A Reader’s Digest Classic: Washington’s Prayer at Valley Forge
No letter or diary survives to give eyewitness testimony that George Washington prayed that cruel winter at Valley Forge. Still, legends usually incorporate an element of the truth.
In that dreadful winter at Valley Forge, while General Washington’s army was freezing, the British sat smugly in Philadelphia, growing fat on American bread and beef, their barracks warmed by American firewood.
Each day the mournful cry rose from our enlisted men’s huts: “No meat! No meat!” And Washington himself was filled with an overwhelming sense of helplessness. Only a few months before the Valley Forge encampment, late in 1777, he had exclaimed to a New Jersey leader, Elias Boudinot, that he could not do everything. He was general quartermaster and commissary. Everything, he felt, fell on him, and he was “unequal to the task.” His desperation was summed up in the cry he emitted at the end of the year in a letter to the Governor of New Jersey: “Our sick naked; our well naked, our unfortunate men in captivity naked!”
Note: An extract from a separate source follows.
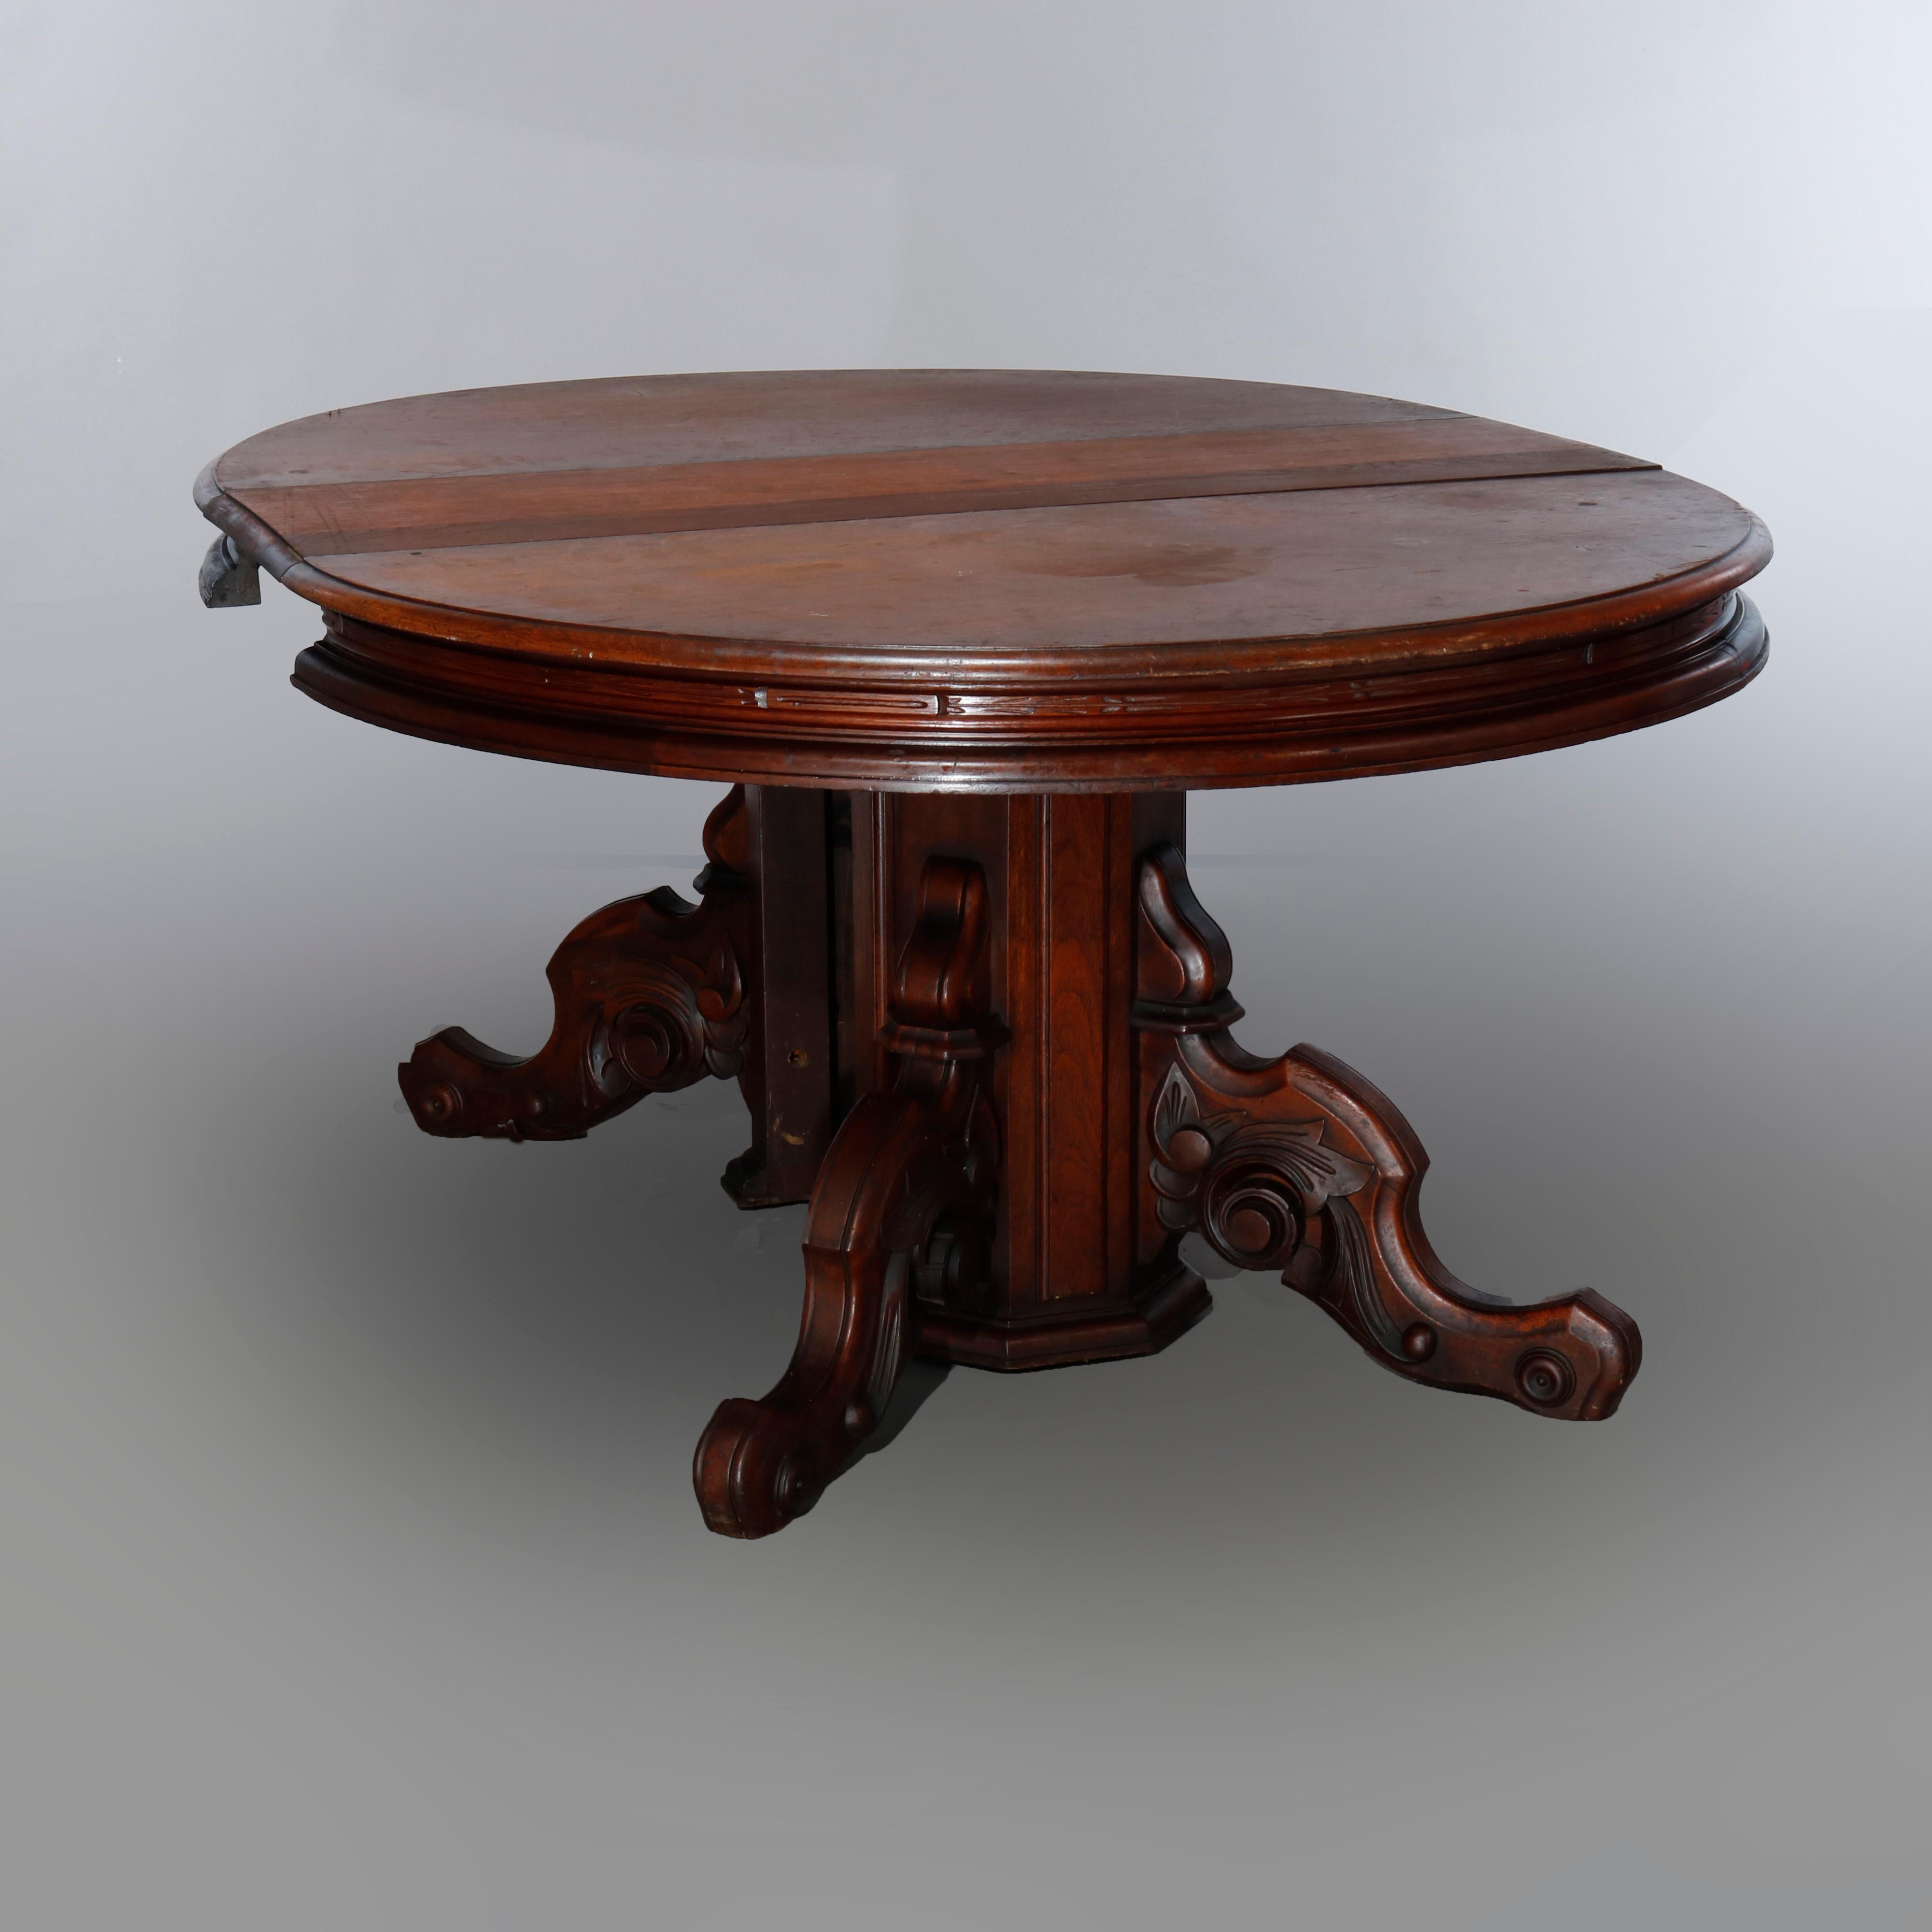 Antique Renaissance Revival Carved Walnut Extension Dining Table & Leaves, c1880 2

The painting on these pages depicts an American legend—an unverifiable story handed down by tradition from earlier times. No letter or diary survives to give eyewitness testimony that George Washington prayed that cruel winter at Valley Forge. Still, legends usually incorporate an element of the truth.
As far as we know, George Washington never chopped down a cherry tree in his youth. But he was the kind of young man who would unflinchingly admit a mistake. In the same way, this painting bears witness to another thoroughly verifiable aspect of his character—his profound faith that America was a nation under God.
Again and again throughout the Revolution, Washington testified to this faith. On March 13, 1778, when his Army was emerging from the worst of Valley Forge’s travail, he wrote to his favorite chaplain, Rev. Israel Evans:
“It will ever be the first wish of my heart to aid your pious endeavors to inculcate a due sense of the dependence we ought to place in that all wise and powerful Being on whom alone our success depends.”
From our detailed knowledge of those harrowing months at Valley Forge, it is not difficult to believe that Washington prayed. In the painting, he has obviously been on some sort of military mission—inspecting one of Valley Forge’s outposts, perhaps. As he rode back to his starving, freezing soldiers who were struggling to defend the infant United States in spite of their countrymen’s apparent indifference, where else could he turn but to God?
So there may have been this moment in the snowy woods. We will never know. But there is no doubt that in the greatness of Washington’s character, which looms larger in history than any legend about him, there was a profound sense of humility before that being whom he called “the all-powerful guide and great disposer of human events.”